Deferred annuities getting some traction

You’ve probably seen this attention-grabbing advertising message on television or on a billboard: “The First Person To Live To 150 Is Alive Today.” Not surprisingly, the ad comes from an insurance company–Prudential–and the pitch is for annuities.

You may find the message optimistic, unsettling, or just plain disturbing–but it does highlight the insurance industry’s core value proposition for annuities: Even the best retirement plan can’t precisely account for how long you’ll live–so use insurance to hedge your risk.

It’s been slow going. Annuity sales have mostly bumped along as a small fraction of the overall retirement market, the result of complex product offerings, high fees in the variable annuity segment, and buyer resistance to locking up their money with an uncertain future total return.

But that may be changing. One annuity category, in particular, is starting to show impressive growth: the deferred income annuity (DIA). These income annuities typically let buyers set a future date to start receiving income. Buyers pay an initial premium and then continue making additional premium contributions along the way.

Industrywide sales doubled in 2013 to roughly $2 billion, according to LIMRA, the insurance industry research and consulting group. And the number of insurance companies offering DIAs is growing fast. Just five companies offered them in 2012; another five came into the market in 2013, and several more are expected to launch products early this year, LIMRA reports.

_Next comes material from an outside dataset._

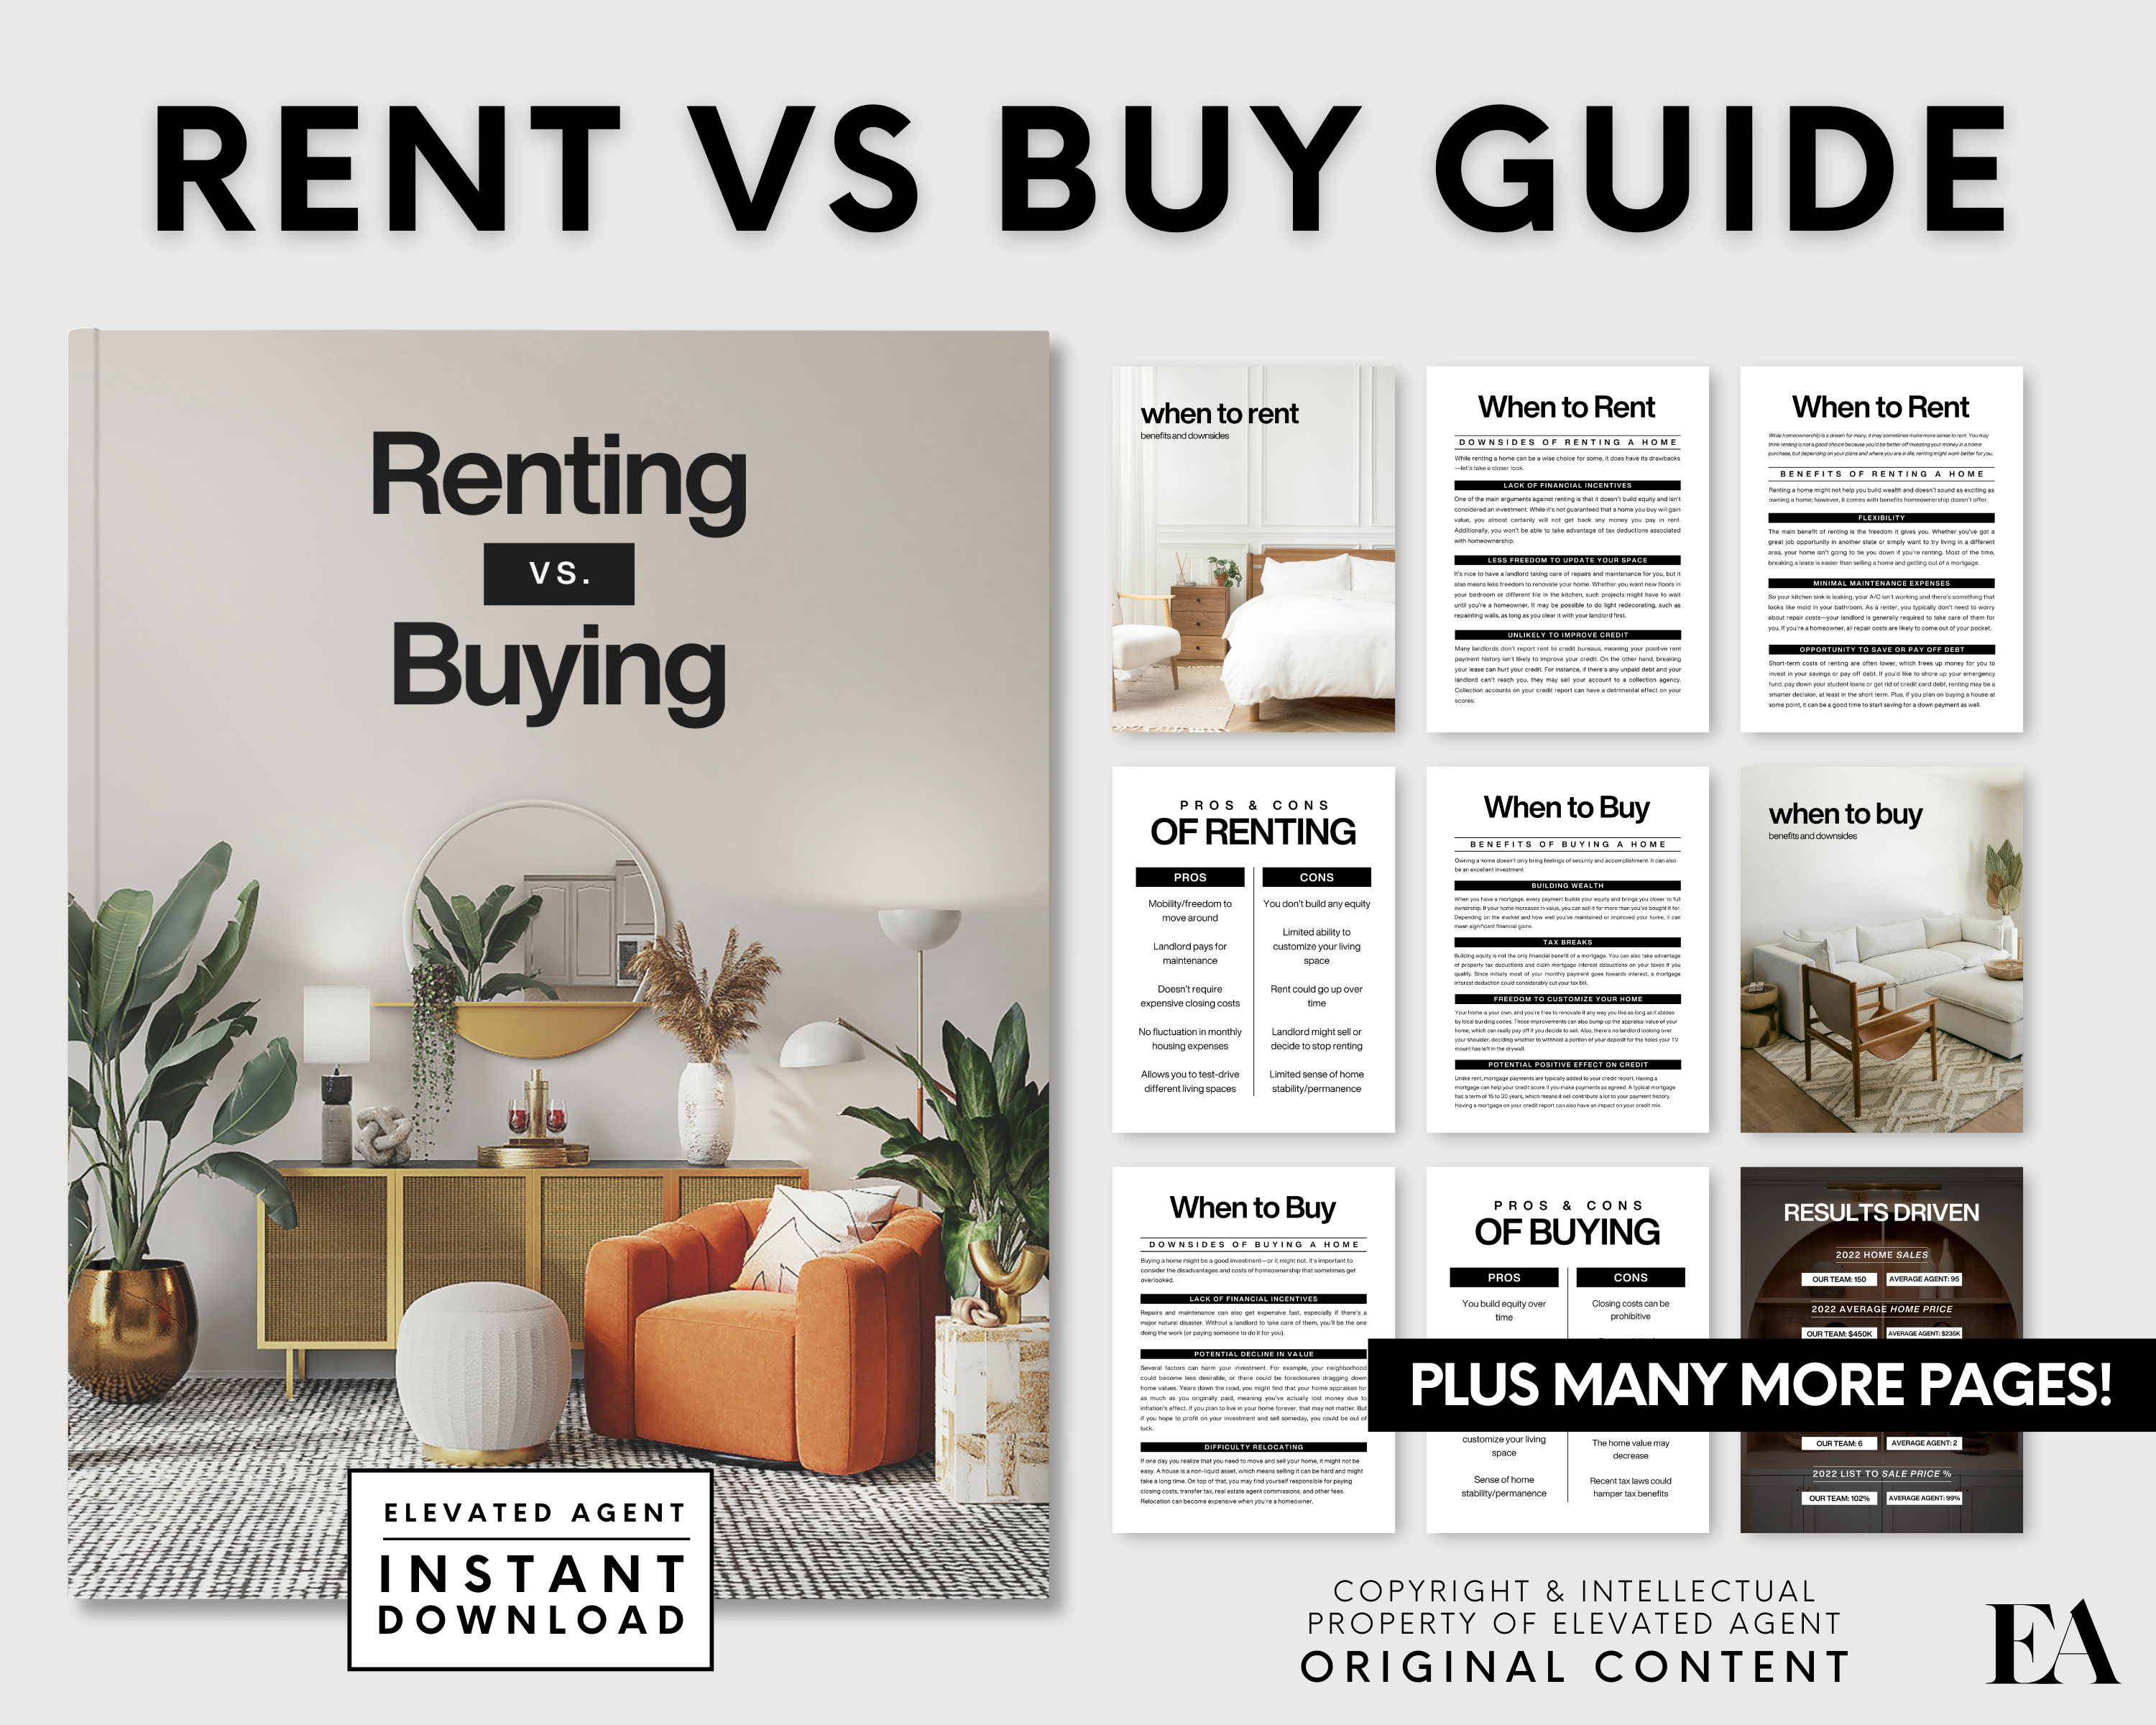 Real Estate Renting Vs. Buying Guide, Real Estate Marketing, Home Buyer Guide, Real Estate Template, Realtor Flyer, Rental Property, Canva Template

The media has tended to focus on one variation of the deferred income annuity–the so-called longevity policy. These policies are designed for purchase at retirement or later, and payouts don’t begin until–and unless–you reach an advanced age, say 85 or 90. The idea is to hedge the risk of exhausting funds in very old age. But longevity policies make up no more than 20% of the market currently, industry experts say.

“Going back a few years, these policies were known as longevity insurance,” says Phil Michalowski, vice president of retirement income at MassMutual. “Just in the last year or two, they’ve started to be seen as an integral part of retirement income.”